(INPUT DATA)
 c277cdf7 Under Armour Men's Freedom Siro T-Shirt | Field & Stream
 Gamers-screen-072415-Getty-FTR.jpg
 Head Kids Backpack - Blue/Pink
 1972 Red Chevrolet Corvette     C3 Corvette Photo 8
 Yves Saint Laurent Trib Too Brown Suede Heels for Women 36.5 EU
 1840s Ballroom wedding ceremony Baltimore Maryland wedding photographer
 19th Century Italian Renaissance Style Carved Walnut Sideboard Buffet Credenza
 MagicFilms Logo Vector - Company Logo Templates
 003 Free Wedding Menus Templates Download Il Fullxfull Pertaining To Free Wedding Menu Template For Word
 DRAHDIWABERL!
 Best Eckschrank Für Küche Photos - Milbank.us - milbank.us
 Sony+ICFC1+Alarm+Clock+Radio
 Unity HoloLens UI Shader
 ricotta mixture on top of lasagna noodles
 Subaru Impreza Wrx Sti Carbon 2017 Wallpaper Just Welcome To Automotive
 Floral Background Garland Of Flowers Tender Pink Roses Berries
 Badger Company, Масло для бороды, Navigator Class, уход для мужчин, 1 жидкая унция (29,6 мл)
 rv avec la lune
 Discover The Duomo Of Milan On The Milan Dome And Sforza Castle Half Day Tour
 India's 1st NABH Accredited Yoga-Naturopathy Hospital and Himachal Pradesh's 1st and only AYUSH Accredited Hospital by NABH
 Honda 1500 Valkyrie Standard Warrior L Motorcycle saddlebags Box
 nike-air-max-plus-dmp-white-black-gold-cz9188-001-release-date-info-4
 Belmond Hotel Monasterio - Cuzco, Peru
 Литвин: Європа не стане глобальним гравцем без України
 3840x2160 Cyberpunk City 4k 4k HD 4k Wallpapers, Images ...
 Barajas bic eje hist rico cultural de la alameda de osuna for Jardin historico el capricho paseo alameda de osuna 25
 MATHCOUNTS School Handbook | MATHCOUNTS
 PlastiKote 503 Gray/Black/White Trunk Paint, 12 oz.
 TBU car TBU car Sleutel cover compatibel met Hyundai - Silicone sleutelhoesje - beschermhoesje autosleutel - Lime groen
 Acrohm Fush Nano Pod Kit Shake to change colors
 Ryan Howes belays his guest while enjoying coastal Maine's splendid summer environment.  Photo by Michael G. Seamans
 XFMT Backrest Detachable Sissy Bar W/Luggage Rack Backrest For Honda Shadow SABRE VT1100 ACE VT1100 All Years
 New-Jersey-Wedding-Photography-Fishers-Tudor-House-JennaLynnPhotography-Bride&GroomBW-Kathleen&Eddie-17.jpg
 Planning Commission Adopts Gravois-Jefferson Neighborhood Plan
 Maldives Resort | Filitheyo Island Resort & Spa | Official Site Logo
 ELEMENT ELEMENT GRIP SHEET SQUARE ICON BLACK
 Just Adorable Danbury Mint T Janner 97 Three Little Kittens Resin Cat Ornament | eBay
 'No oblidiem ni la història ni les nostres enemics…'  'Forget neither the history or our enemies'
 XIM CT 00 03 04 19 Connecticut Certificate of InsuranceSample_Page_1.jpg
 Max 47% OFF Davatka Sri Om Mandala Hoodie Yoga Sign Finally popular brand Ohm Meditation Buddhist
(End INPUT DATA)
DIRECTIONS FOR THIS TASK:
Transcribe every record above so that nothing differs from the original.

ANSWER SECTION:
 c277cdf7 Under Armour Men's Freedom Siro T-Shirt | Field & Stream
 Gamers-screen-072415-Getty-FTR.jpg
 Head Kids Backpack - Blue/Pink
 1972 Red Chevrolet Corvette     C3 Corvette Photo 8
 Yves Saint Laurent Trib Too Brown Suede Heels for Women 36.5 EU
 1840s Ballroom wedding ceremony Baltimore Maryland wedding photographer
 19th Century Italian Renaissance Style Carved Walnut Sideboard Buffet Credenza
 MagicFilms Logo Vector - Company Logo Templates
 003 Free Wedding Menus Templates Download Il Fullxfull Pertaining To Free Wedding Menu Template For Word
 DRAHDIWABERL!
 Best Eckschrank Für Küche Photos - Milbank.us - milbank.us
 Sony+ICFC1+Alarm+Clock+Radio
 Unity HoloLens UI Shader
 ricotta mixture on top of lasagna noodles
 Subaru Impreza Wrx Sti Carbon 2017 Wallpaper Just Welcome To Automotive
 Floral Background Garland Of Flowers Tender Pink Roses Berries
 Badger Company, Масло для бороды, Navigator Class, уход для мужчин, 1 жидкая унция (29,6 мл)
 rv avec la lune
 Discover The Duomo Of Milan On The Milan Dome And Sforza Castle Half Day Tour
 India's 1st NABH Accredited Yoga-Naturopathy Hospital and Himachal Pradesh's 1st and only AYUSH Accredited Hospital by NABH
 Honda 1500 Valkyrie Standard Warrior L Motorcycle saddlebags Box
 nike-air-max-plus-dmp-white-black-gold-cz9188-001-release-date-info-4
 Belmond Hotel Monasterio - Cuzco, Peru
 Литвин: Європа не стане глобальним гравцем без України
 3840x2160 Cyberpunk City 4k 4k HD 4k Wallpapers, Images ...
 Barajas bic eje hist rico cultural de la alameda de osuna for Jardin historico el capricho paseo alameda de osuna 25
 MATHCOUNTS School Handbook | MATHCOUNTS
 PlastiKote 503 Gray/Black/White Trunk Paint, 12 oz.
 TBU car TBU car Sleutel cover compatibel met Hyundai - Silicone sleutelhoesje - beschermhoesje autosleutel - Lime groen
 Acrohm Fush Nano Pod Kit Shake to change colors
 Ryan Howes belays his guest while enjoying coastal Maine's splendid summer environment.  Photo by Michael G. Seamans
 XFMT Backrest Detachable Sissy Bar W/Luggage Rack Backrest For Honda Shadow SABRE VT1100 ACE VT1100 All Years
 New-Jersey-Wedding-Photography-Fishers-Tudor-House-JennaLynnPhotography-Bride&GroomBW-Kathleen&Eddie-17.jpg
 Planning Commission Adopts Gravois-Jefferson Neighborhood Plan
 Maldives Resort | Filitheyo Island Resort & Spa | Official Site Logo
 ELEMENT ELEMENT GRIP SHEET SQUARE ICON BLACK
 Just Adorable Danbury Mint T Janner 97 Three Little Kittens Resin Cat Ornament | eBay
 'No oblidiem ni la història ni les nostres enemics…'  'Forget neither the history or our enemies'
 XIM CT 00 03 04 19 Connecticut Certificate of InsuranceSample_Page_1.jpg
 Max 47% OFF Davatka Sri Om Mandala Hoodie Yoga Sign Finally popular brand Ohm Meditation Buddhist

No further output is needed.